According to Rich, his bees have produced a generous amount of honey, but autumn has offered challenges.

 

This year’s warmer and fluctuating late fall temperatures have kept bees flying about, yet pollen-producing plants from which they gain sustenance have withered for the year; food is hard to find.

Beekeepers don’t deplete their hives of honey, but try to leave enough to maintain the bees throughout the winter.

 

As Mare explains, beekeepers can also provide their bees with sugar water but, once temperatures drop, that will freeze.

 

Another option is a fondant, a creamy mixture of nutrients that will keep the bees alive.

Sadly, another bee species, the American bumblebee, an iconic North American pollinator, has already disappeared from Idaho, Maine, New Hampshire, North Dakota, Oregon, Rhode Island, Vermont, and Wyoming, and seems to be doing the same in the Garden State, where its numbers have decreased by 85%.

 

As with all bee species, threats include climate change, habitat loss, disease, and pesticides containing neonicotonoids.

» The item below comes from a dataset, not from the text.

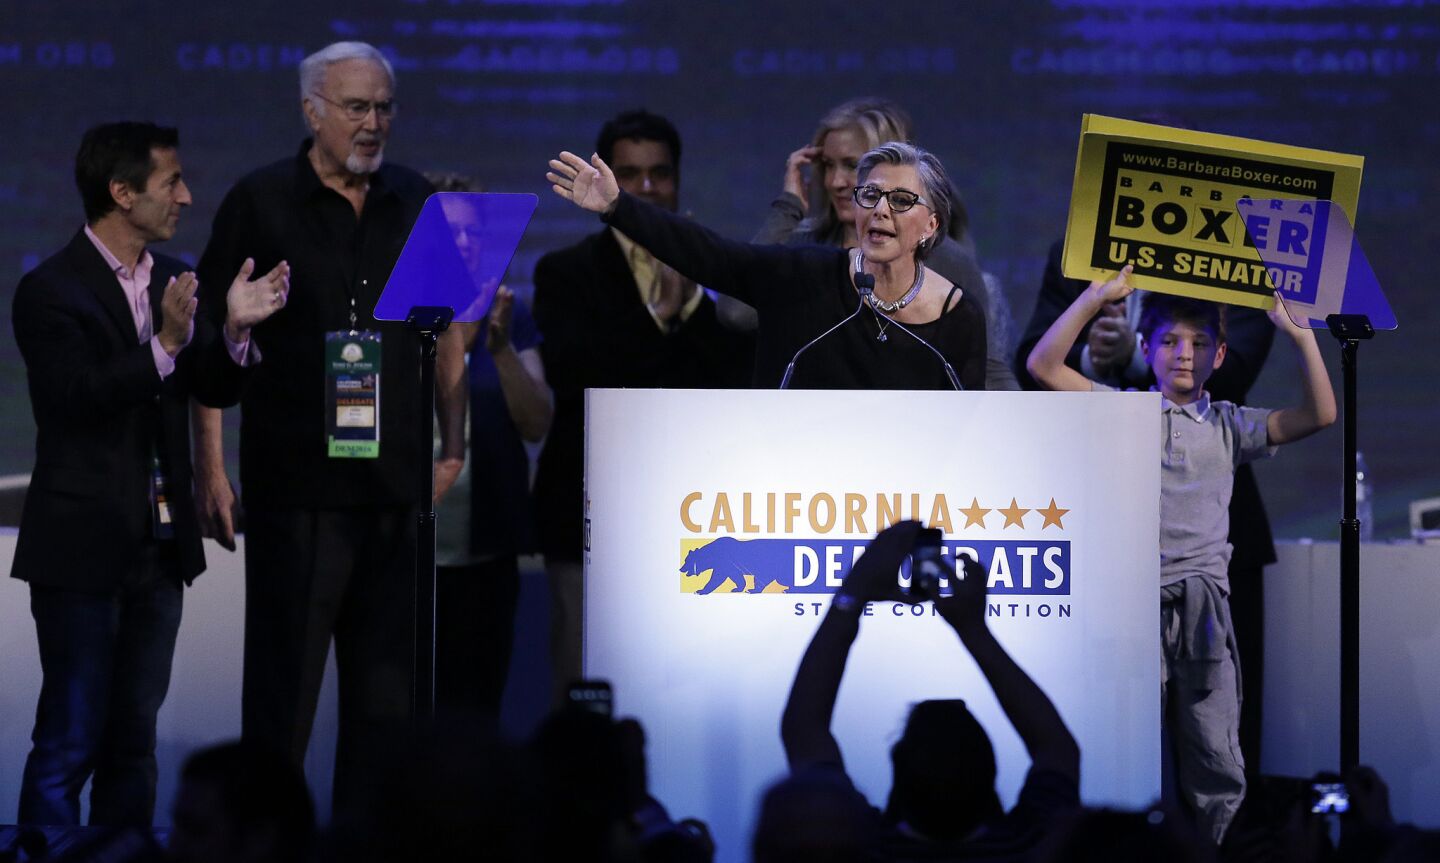 U.S. Sen. Barbara Boxer, D-Calif, center, waves after speaking before the California Democratic Party Convention on Saturday in San Jose.

Decreasing honeybee numbers, as well, continue to be of global concern; the “Eesti Mesinike Liit” (Estonian Beekeepers Union) organized a conference on Dec. 9th in Tartu (via webcast) to discuss “Kuidas kaitsta Eesti tolmeldajaid?” (How to Protect Estonia’s Pollinators).

 

NJ beekeepers, such as the Lepiks and Olsens, continue to assume the critical (and loving) responsibility of supporting dwindling honeybee populations.

 

It’s amazing to consider that the future of about 35% of our food crops depends on pollinators such as the honeybee, which weighs an average of only 3 grams.

 

Please investigate your state’s beekeeping associations to learn how to lend a hand in a rewarding activity which, thus far, has lasted 5,000 years.